Section 6: Salvation — Part 1
Week 1: What Is Salvation?
Day 4: We Are Saved by Grace
Eph. 2:1-10
So far we’ve looked at what we, as Christians, have been saved from and what we are saved to. How does someone “get saved” though? You may have heard of Aron Ralston. The movie 127 Hours is about him. He was hiking through a canyon in Utah by himself when he fell into a crevice. He wasn’t seriously injured in the fall, but his arm was pinned under a boulder, and he couldn’t move it. So he was stuck. After five days, no one had come to rescue him. His food and water were running out, and the elements were taking their toll. He realized he wasn’t going to survive unless he could find a way to his get his arm out from under the boulder. So he took a pocketknife from his backpack, cut his forearm off, climbed out of the crevice, repelled down a cliff, and hiked out of the canyon to safety.

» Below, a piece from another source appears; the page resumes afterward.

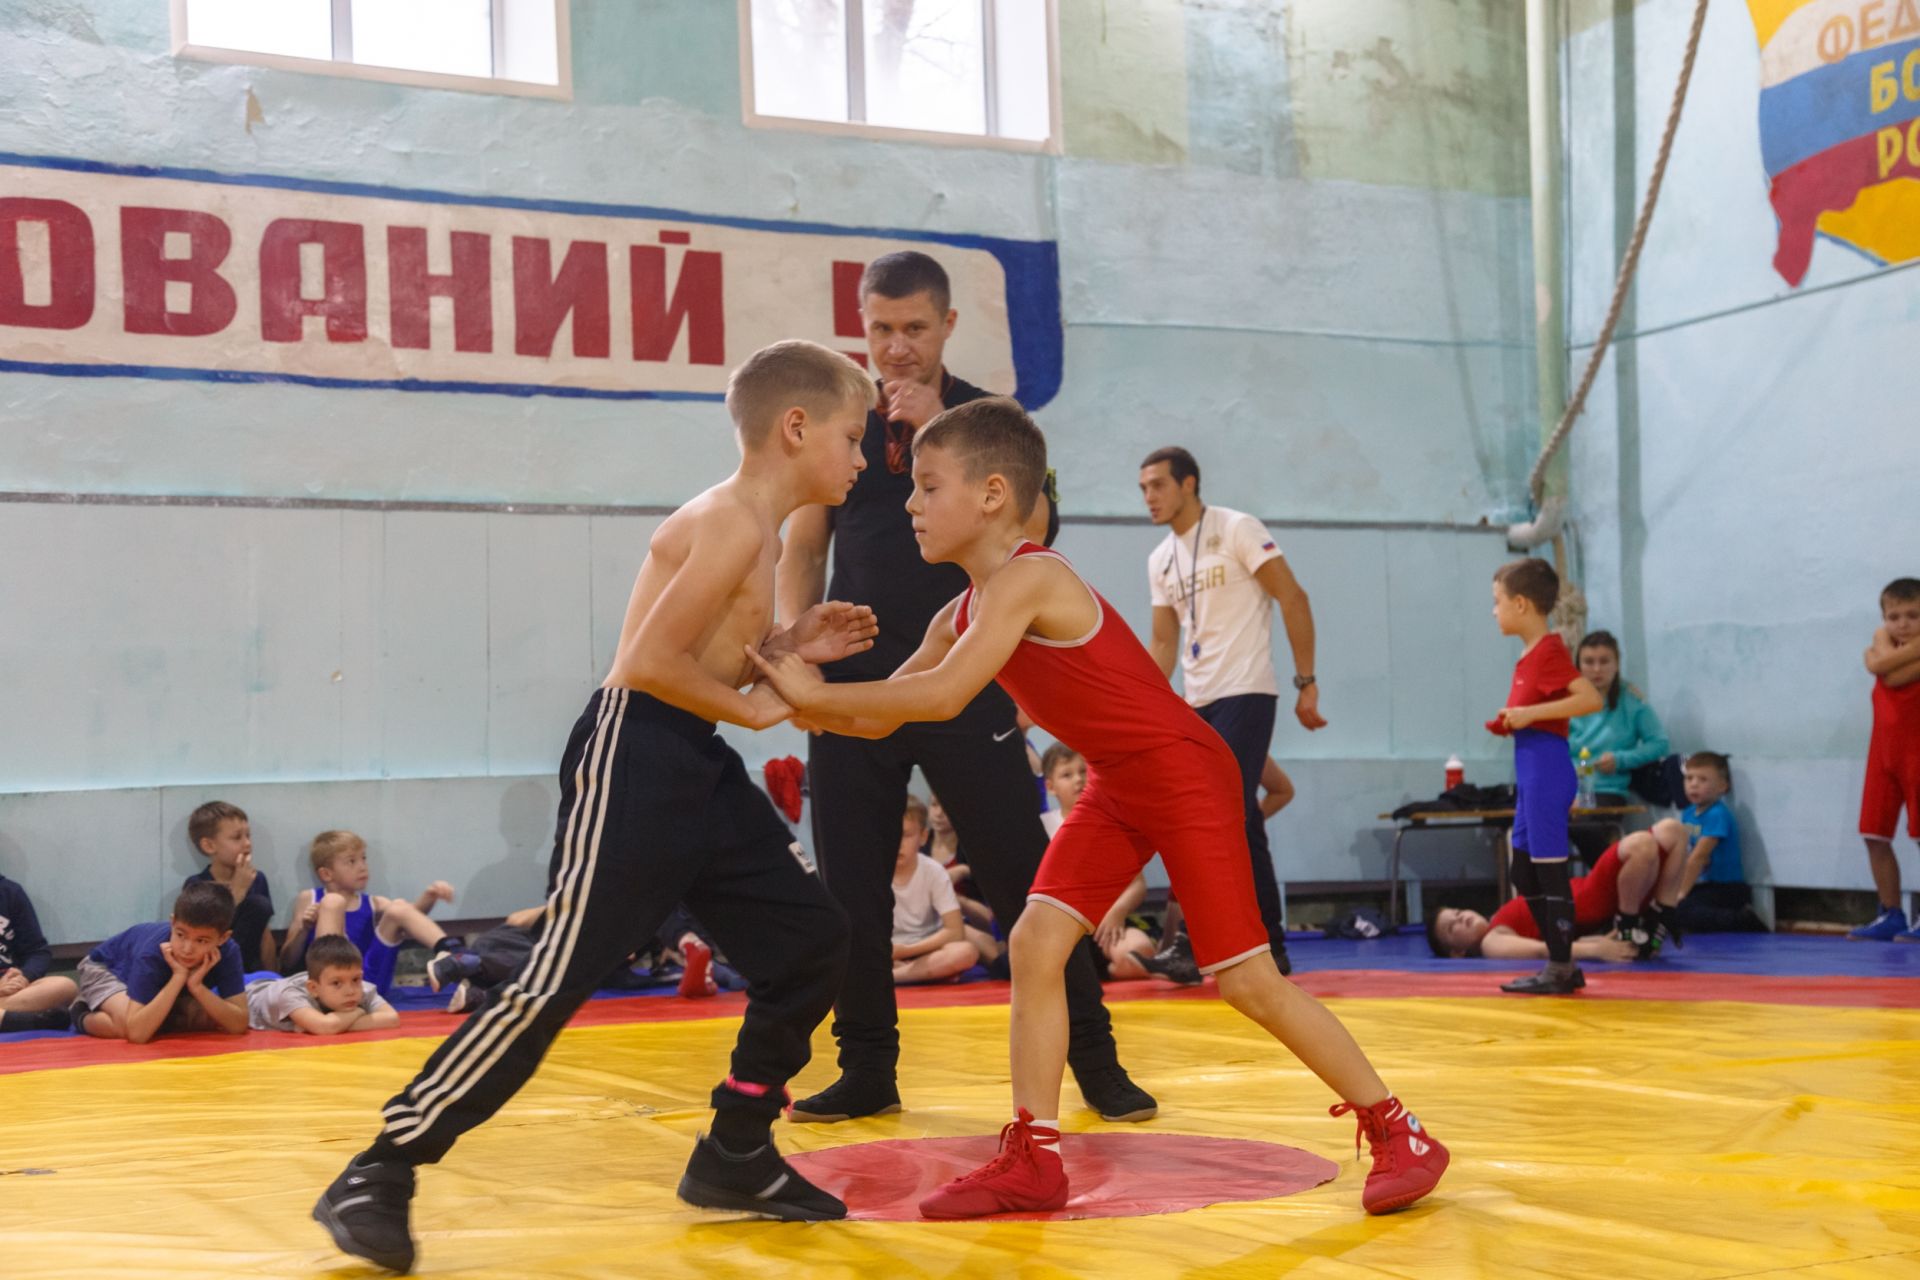 Около 400 юниоров со всей России участвуют в турнире по греко-римской борьбе в Казани

Aron Ralston’s ordeal is a remarkable story of self-reliance. It’s safe to say he saved himself from a situation that would have killed most of us. Does salvation from sin require similar heroics on our part? Sin put us in a difficult position before God, do we have to get ourselves out of it? No. In fact, there is no way we could. As dire as Aron Ralston’s situation was, ours is much worse. Sin places us under God’s judgment, and there is nothing we can do to save ourselves because no amount of good deeds is sufficient to tip the scales in our favor.
For one thing, as we discussed in the Digging Deeper section on Humanity, sin taints everything we do. That means nothing we do is truly good in an ultimate sense. As a result, we don’t really have any good deeds to balance against our sin. But, even if we did, our good deeds wouldn’t be enough to save us because by doing good we’re merely doing what we’re supposed to do in the first place.
Imagine you get a ticket for speeding and, when you go to pay the fine, you say to the clerk, “I paid a lot of money towards my property taxes. Just take that money and apply it toward what I owe for the speeding ticket.” What sort of reaction are you going to get? The clerk is probably going to look at you like you’re crazy. You paid your property taxes. Great. But you already owed that money. That means there’s nothing left over to apply towards your speeding ticket.
Trying to use our good works to pay the penalty we owe for sin produces a similar result. When we choose to do good in any situation, we aren’t going above and beyond our duty; we are merely fulfilling the obligation we already have to God. As a result, there’s nothing “left over” to go toward the penalty we owe for sin. Even if there were, the penalty we owe is no small traffic ticket. The penalty we deserve dwarfs the good works we could accumulate in our lifetime. As a result, there is absolutely nothing we can do to save ourselves.
That’s exactly why salvation is by grace alone. We contribute nothing to it. Salvation is utterly and completely a gift from God.
Challenge:
Read Ephesians 2:8-9.
Reflection Questions:
In your own words, how would you describe grace? Can you come up with an illustration of it? Do you ever feel like you are more acceptable to God when you are “good”? What good things in your life or character are you tempted to point to? What do you think Paul means by “works”?